With the arrival of spring, the war in Afghanistan returned in full force. All parties involved are struggling to be ready for the announced withdrawal of the international military presence, and for potential negotiations between rebels, government and international community. An eyewitness report from Jalalabad, Kabul and surrounding areas.

Jalalabad, capital of the Eastern province Nangarhar, has the raw energy of a border town. When traveling from Kabul, the trip takes roughly the same time as going to Peshawar at the other side of the Khyber Pass. But due to troop movements, NATO supply convoys and ordinary traffic accidents things can take a turn for the worse. ‘People here in Jalalabad are more enterprising than anywhere else in Afghanistan’, says Mohammad Qasim Yousufi, director of the local Chamber of Commerce and Industry, not without a hint of pride. ‘Jalalabad is safer than other provinces as well’, he adds. But everything is relative, especially in Afghanistan.

Conversations at the border

While I am talking with Yousufi and the big boss of the Alokozai Tea Company, shots are fired at a truck with fuel supplies for NATO, just outside Jalalabad. Two days ago a bomb exploded in a van that transported police recruits to their barracks. Three died. The day before that a NATO transport was attacked by a suicide bomber, and a month ago a suicide attack killed eighteen people in Kabul Bank, where police officers were collecting their paychecks. And two days after the reassuring promo talk with the entrepreneurs, a roadside bomb blew the car of one of the tribal leaders right off the road. Nobody was killed, but four passengers had to be hospitalized. Moments ago Malik Usman Shinwari, also a tribal leader, had invited me to drive with him to his district in the mountains. He guaranteed my safety, but his promise did not sound convincing. Especially when he told me about threatening calls and the recent attack killing his brother and his son. The Taliban were behind this, angered by the decision of the Shinwari tribal council to deny the rebels access to their territory.

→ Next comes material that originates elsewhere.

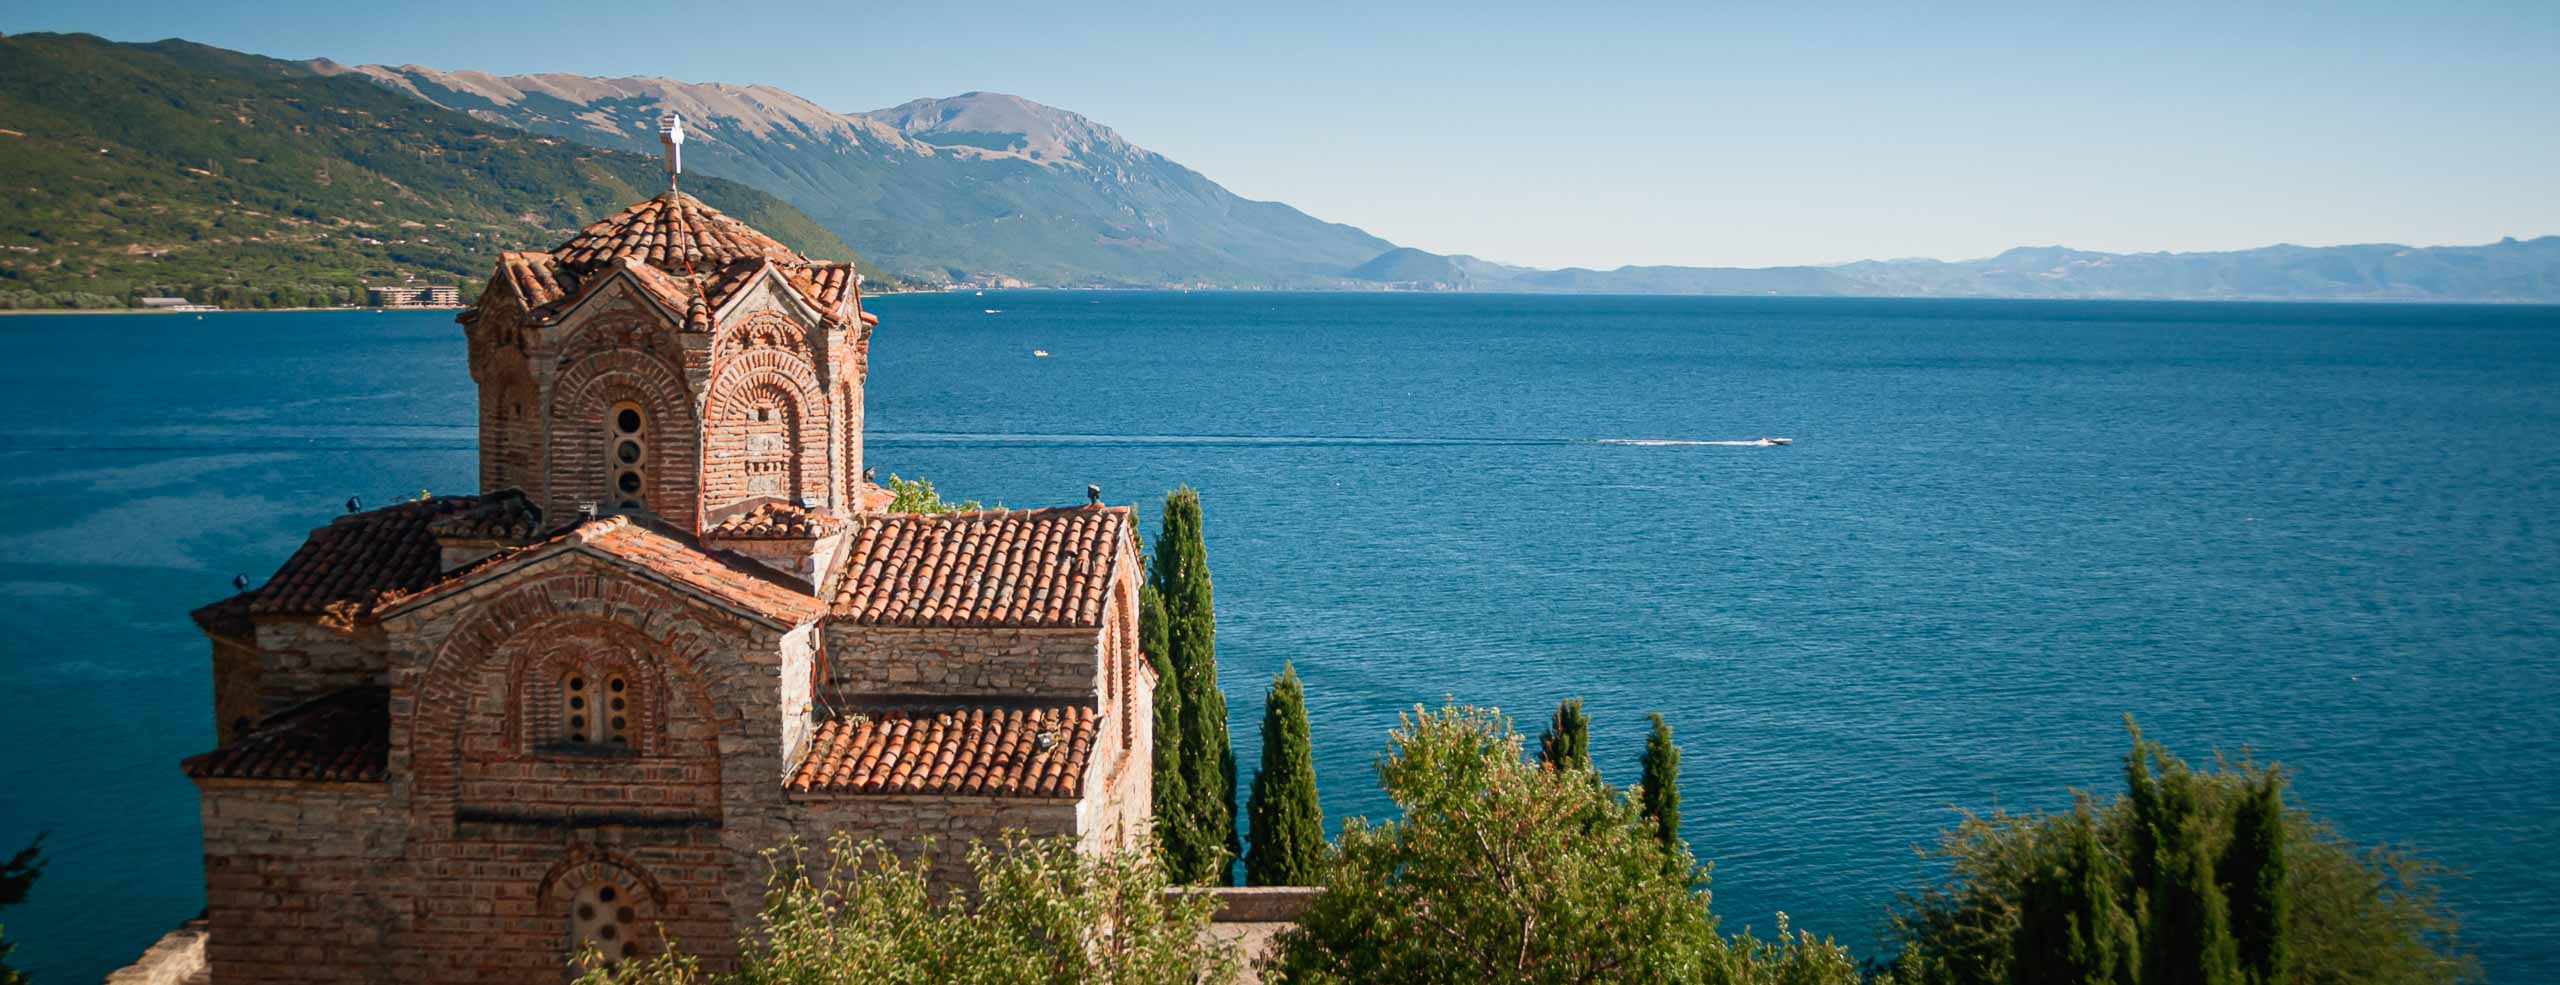 Église Saint-Jean de Kaneo surplombant le lac d'Ohrid au cœur des montagnes à la frontière entre la Macédoine, la Grèce et l'Albanie, Paysage des Balkans
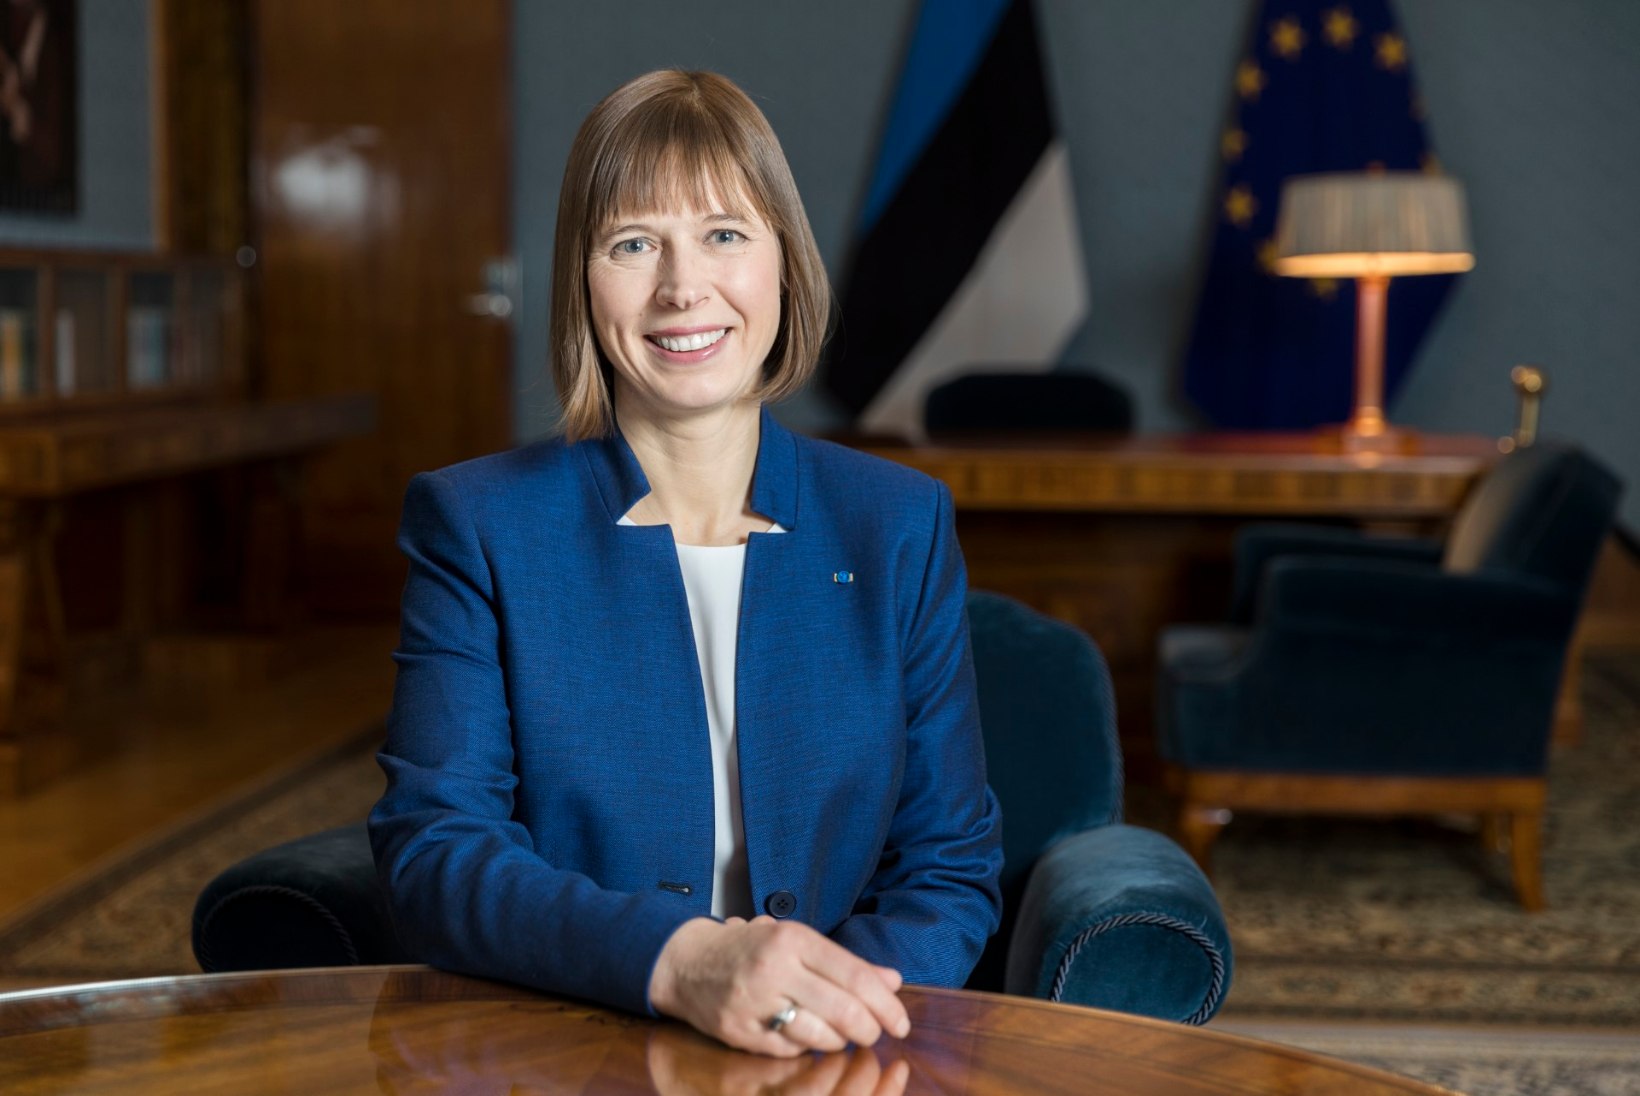 Presidendi uusaastatervitust jälgis ligi pool miljonit eestimaalast

‘People ask me why I don’t join the Taliban’, maulana Abdulaziz Cherchwa says, one of Jalalabad’s most respected religious leaders. A straightforward question, given the apologetics of the maulana (Islamic scholar) towards warriors on both sides of the Afghan-Pakistan border. Cherchwa emphasizes the Taliban’s religious inspiration – ‘Islam is a political religion’ – and attributes all violence – bombings, car bombs and suicide attacks – to the NATO troops ‘occupying the fatherland’. He interrupts his speech to answer his cell phone. It’s a call from a village suffering regular raids. The caller complains that soldiers took his money and jewelry. ‘What do you want us to do?’ the maulana asks rhetorically when he puts away his cell phone. ‘Reject the Taliban? Condemn suicide attacks?’

According to the maulana, suicide attacks are a display of courage. ‘Without the belief in Islam, I would not even be able to cut the little finger off my hand. Thanks to Islam, I am prepared to give my life.’ So why is he a respected maulana awho even ran for parliamentary elections, instead of a Taliban warrior? ‘It’s not necessary for me to join the rebels, because all Afghans are Muslims who pray for a true Islamic government. And when Pakistan becomes Islamic, all borders and border disputes will disappear, which will put a stop to the conflict.’ Life can be pretty simple when looked at from the pulpit.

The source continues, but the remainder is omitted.